CGS is Right: The UK Must Urgently Rebuild its Capacity to Expand


Target practice: Army Reservists participate in infantry combat training in southwest Scotland. Image: MOD Crown Copyright News / Editorial Licence


Given the growing risk of a wider military confrontation with Russia, it is imperative that the UK puts in place affordable structures to increase the Army’s fighting strength and offer a pathway to further expansion. Central to this should be a focus on boosting reserve numbers as its second echelon.

UK Chief of the General Staff (CGS) Patrick Sanders’s recent lecture has prompted a wide range of reactions. The government has made it clear that there are no plans for conscription, something which was probably misread into his remarks by some of the media. He said:

‘We need an army designed to expand rapidly to enable the first echelon, resource the second echelon, and train and equip the citizen army that must follow. Within the next three years it must be credible to talk of a British Army of 120,000, folding in our reserve and strategic reserve. But this is not enough.’
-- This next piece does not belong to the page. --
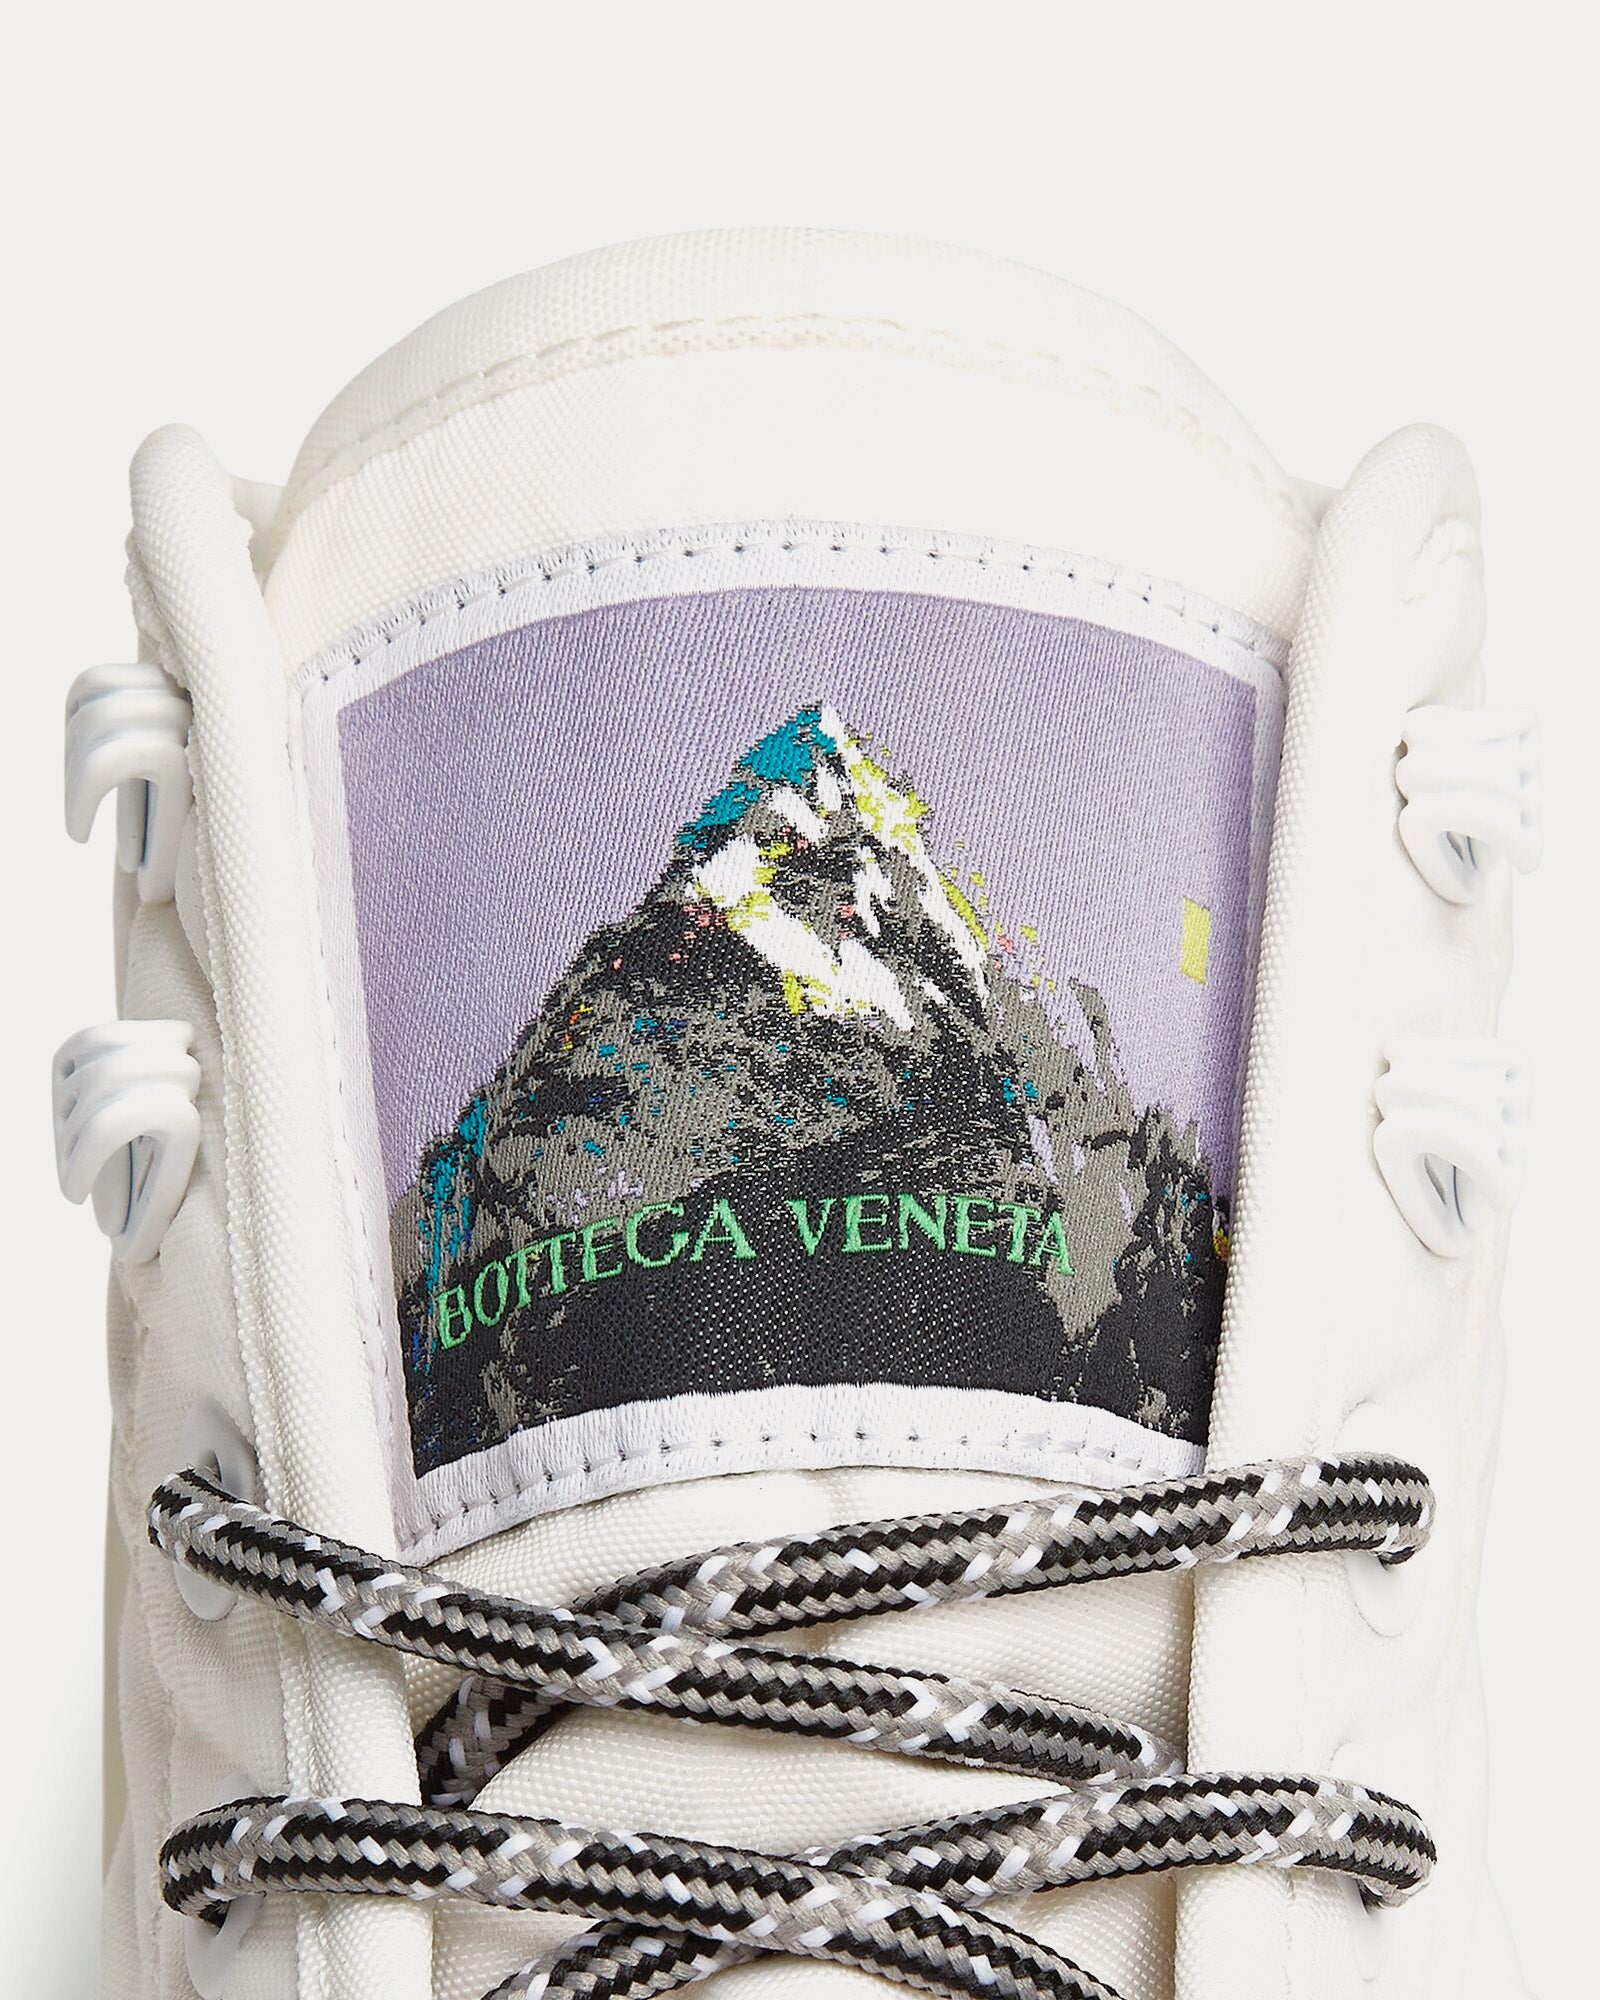 Bottega Veneta - Denver Optic White High Top Sneakers

It is worth noting that, even in the First World War, the highly successful national army the UK fielded did not have to resort to conscription until over a year and a half into the conflict. Reflecting on the preparations of the UK’s eastern and northern partners for national mobilisation, CGS said:

‘We will not be immune and as the pre-war generation we must similarly prepare – and that is a whole-of-nation undertaking.’

Surely this is right – indeed overdue. Achieving these changes will require putting in place affordable structures to grow the Army and wider Defence and, in the process, help to develop a sense of threat awareness and a resilient response which brings wider society into national defence.
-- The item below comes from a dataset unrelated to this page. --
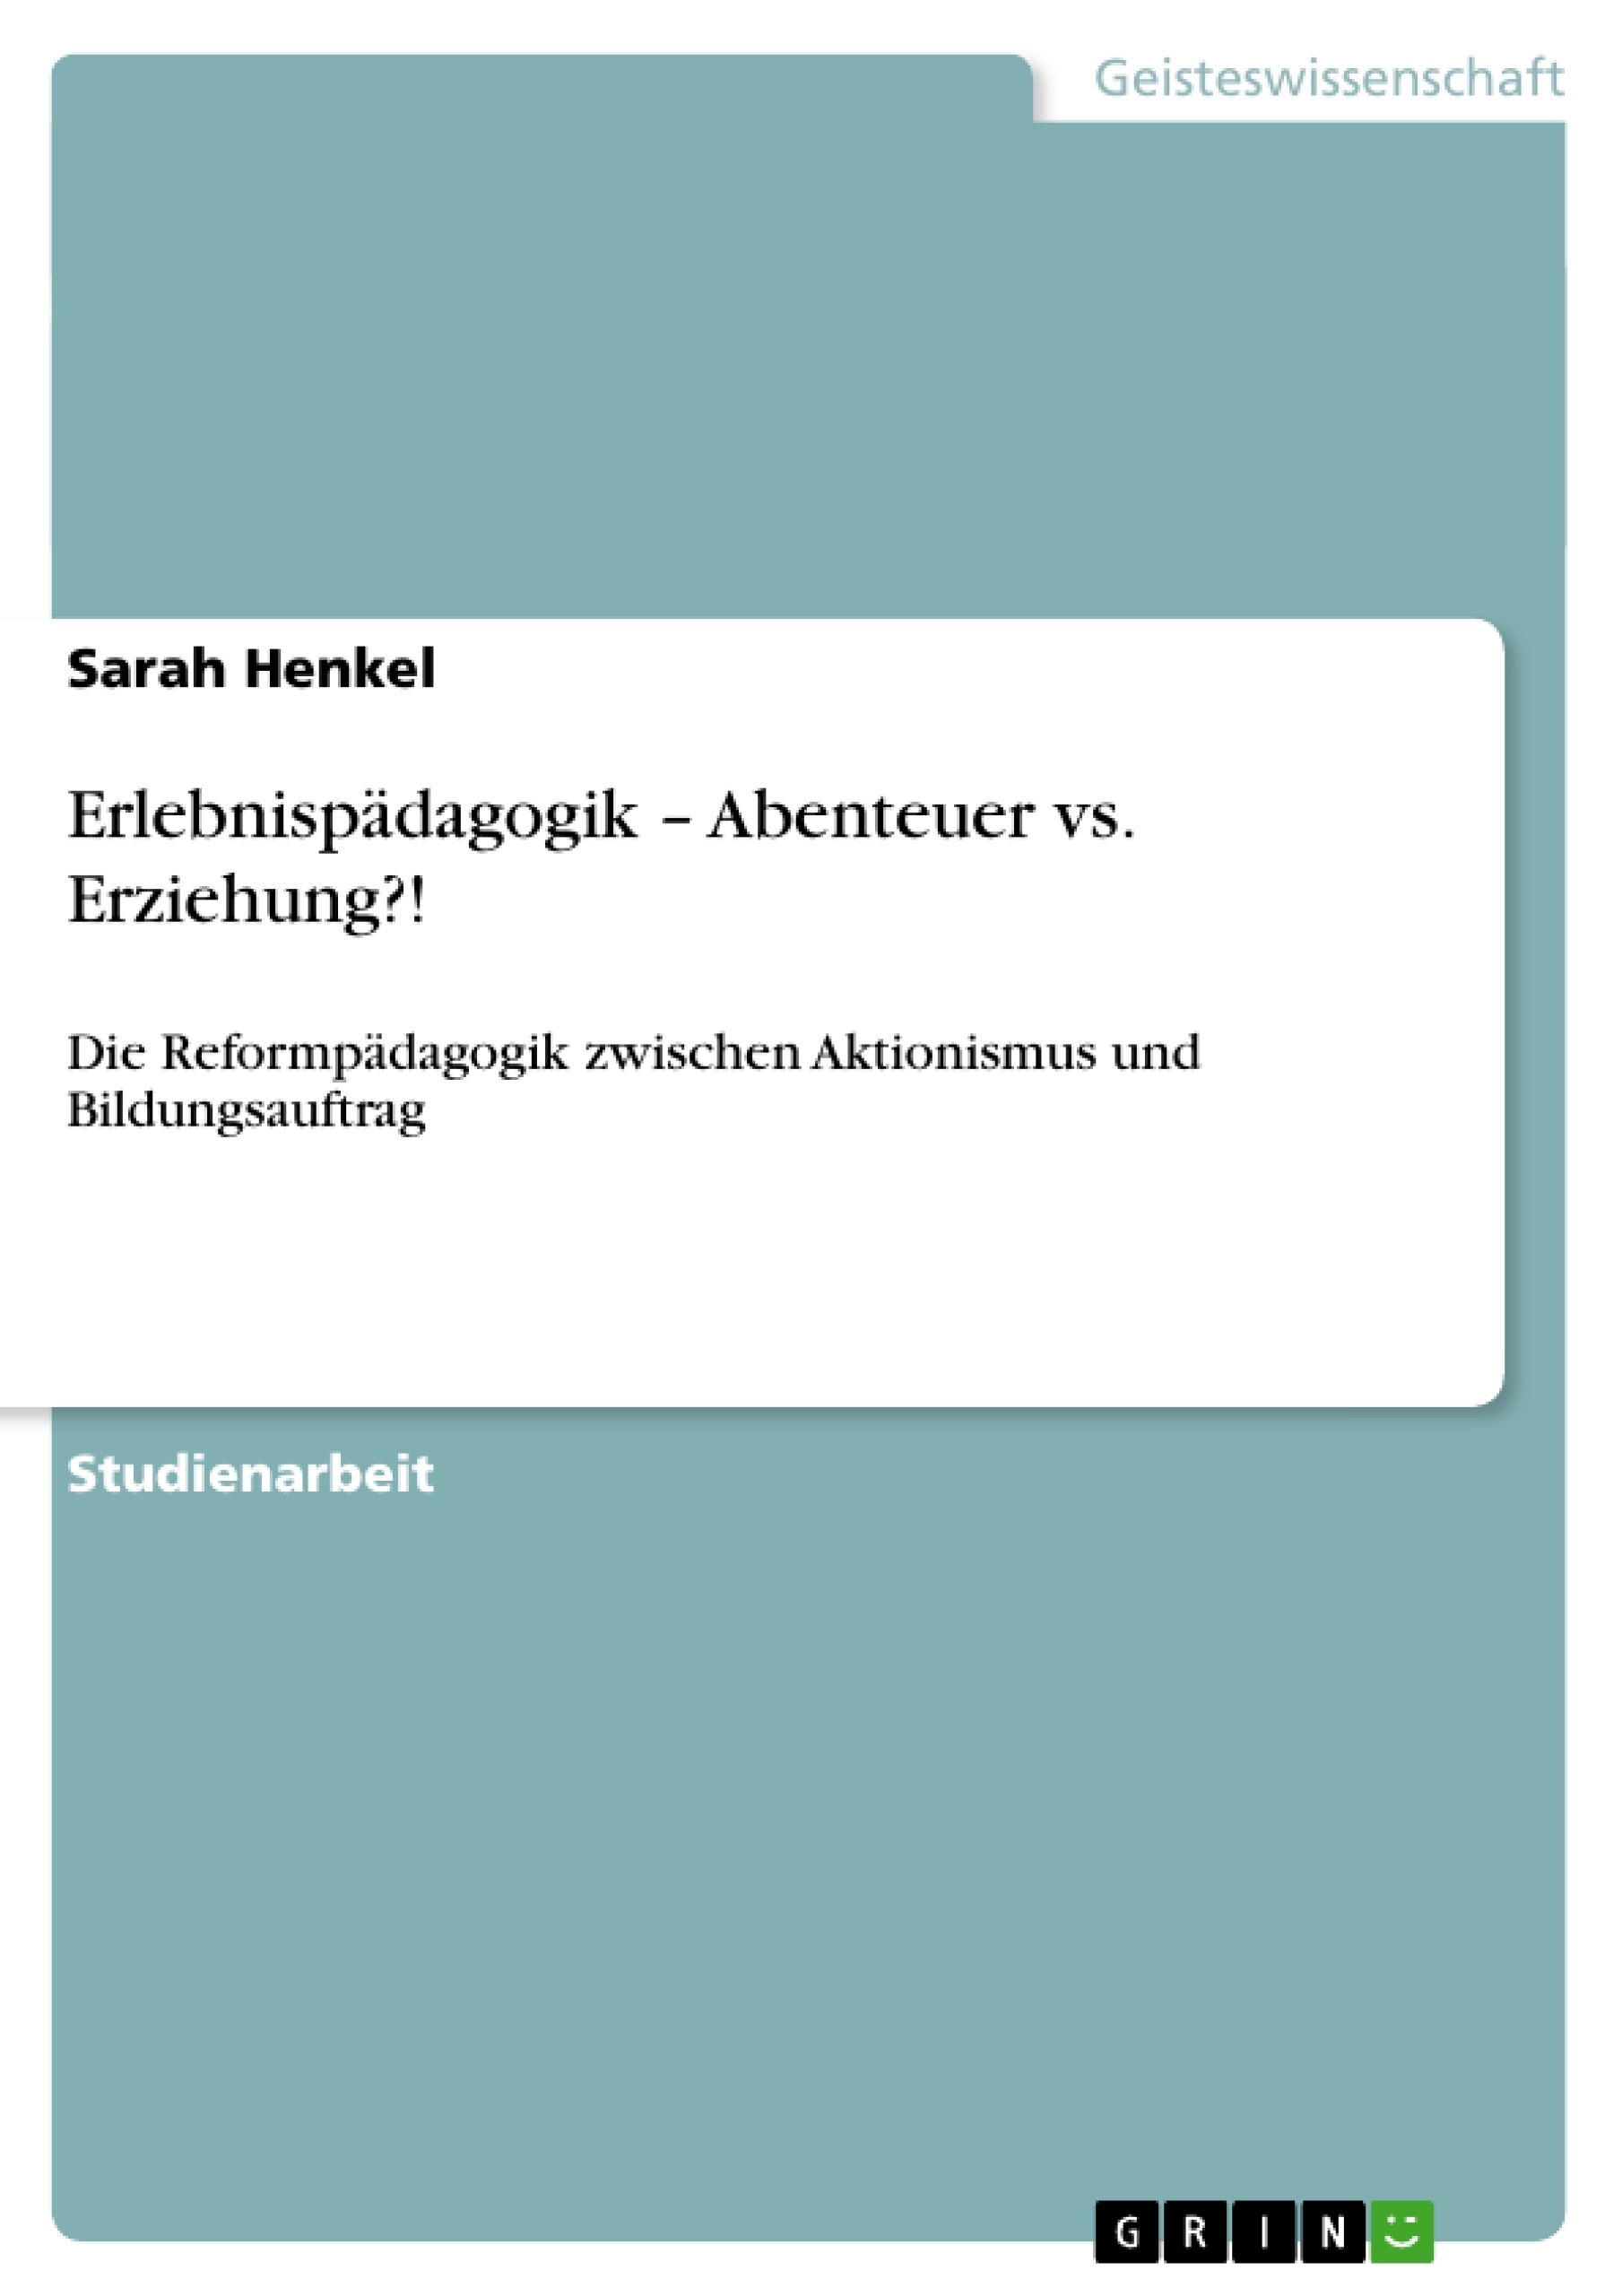 Title: Erlebnispädagogik – Abenteuer vs. Erziehung?!

Unlike its eastern and northern allies, the UK, as an island nation, does not face a direct land threat. Instead, we have always focused on a combination of naval (and later air) power with an expeditionary land component. ‘Expeditionary’ has meant principally to Europe since the American Revolution. Arguably, the best parallels lie in the UK’s principal Five Eyes allies – the US, Australia and Canada – who are also across water from potential enemies. And, of course, the UK can learn from its own history.

In both world wars, the vision in the UK and US was of a first echelon from the Regular Army, the second from volunteer reserves and the third from new units moving through a mixed bag of training organisations – both established and ad hoc – with conscription swelling numbers.
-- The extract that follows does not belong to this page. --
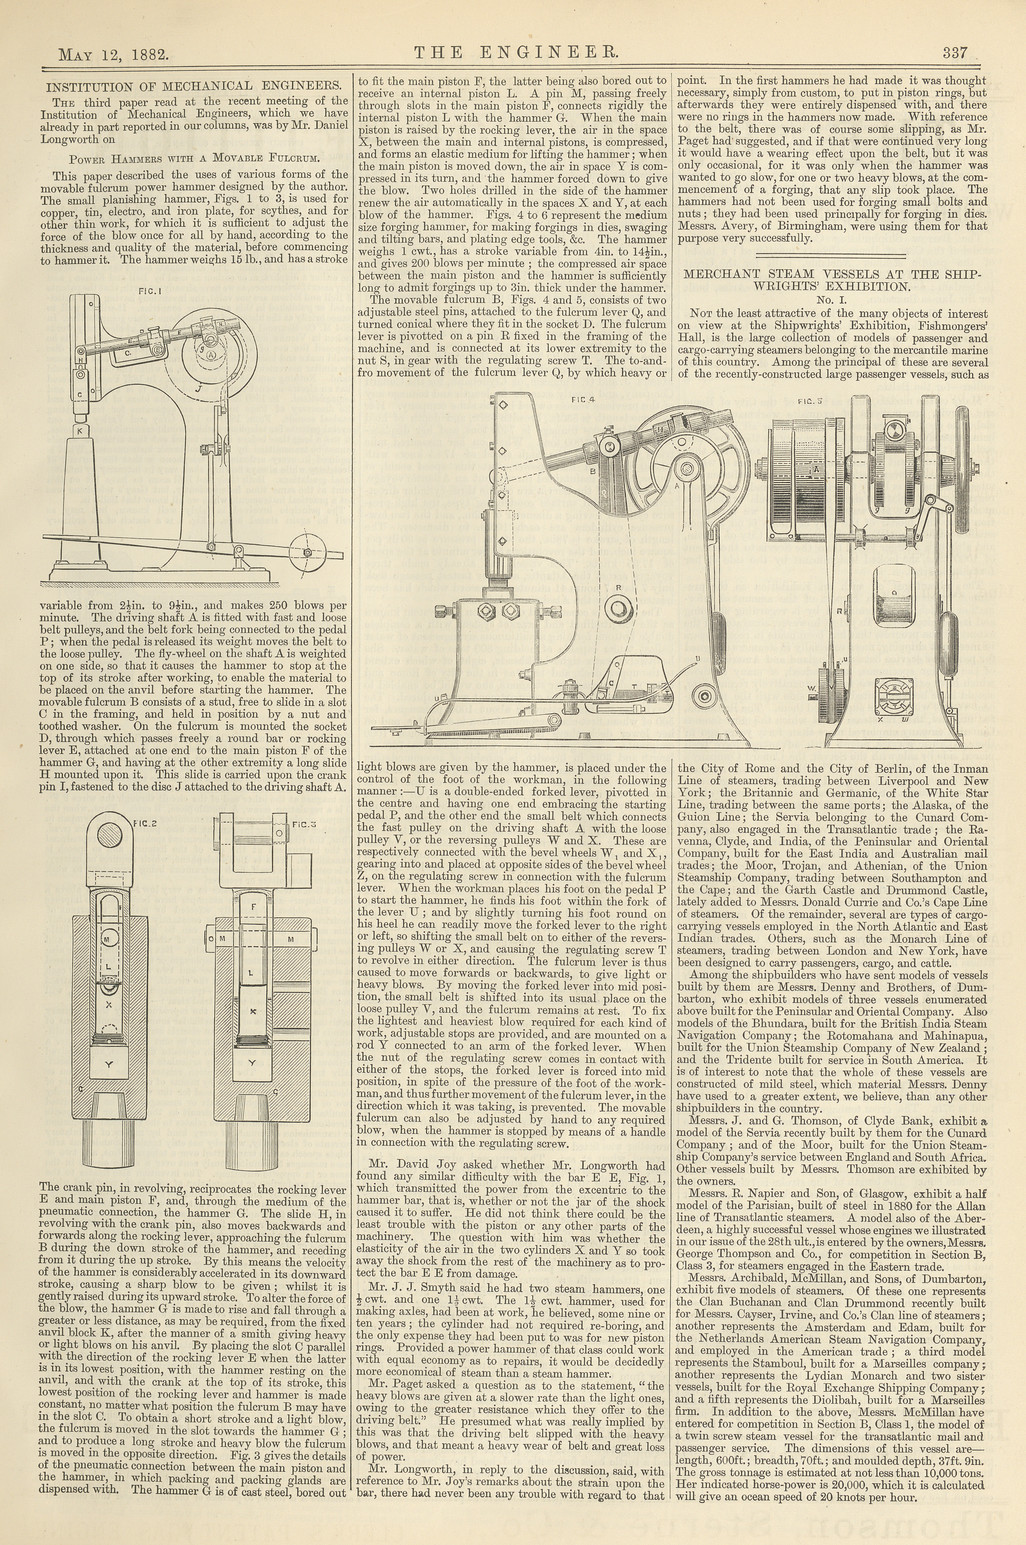 The Engineer, Vol.53, 12 May

Perhaps the greatest challenge of rapid expansion is building citizen leaders. Soldiers can be quickly trained in war but, without officers and non-commissioned officers (NCOs), their usefulness is limited. The Ukrainians started with a regular army and a National Guard, and then had to expand hugely by recruiting civilians through a mixture of volunteering and conscription. Both the first two echelons performed well. For example, regulars rapidly recaptured Kiev airport from elite Russian troops, and the National Guard’s Azov Brigade held Mariupol gallantly for weeks.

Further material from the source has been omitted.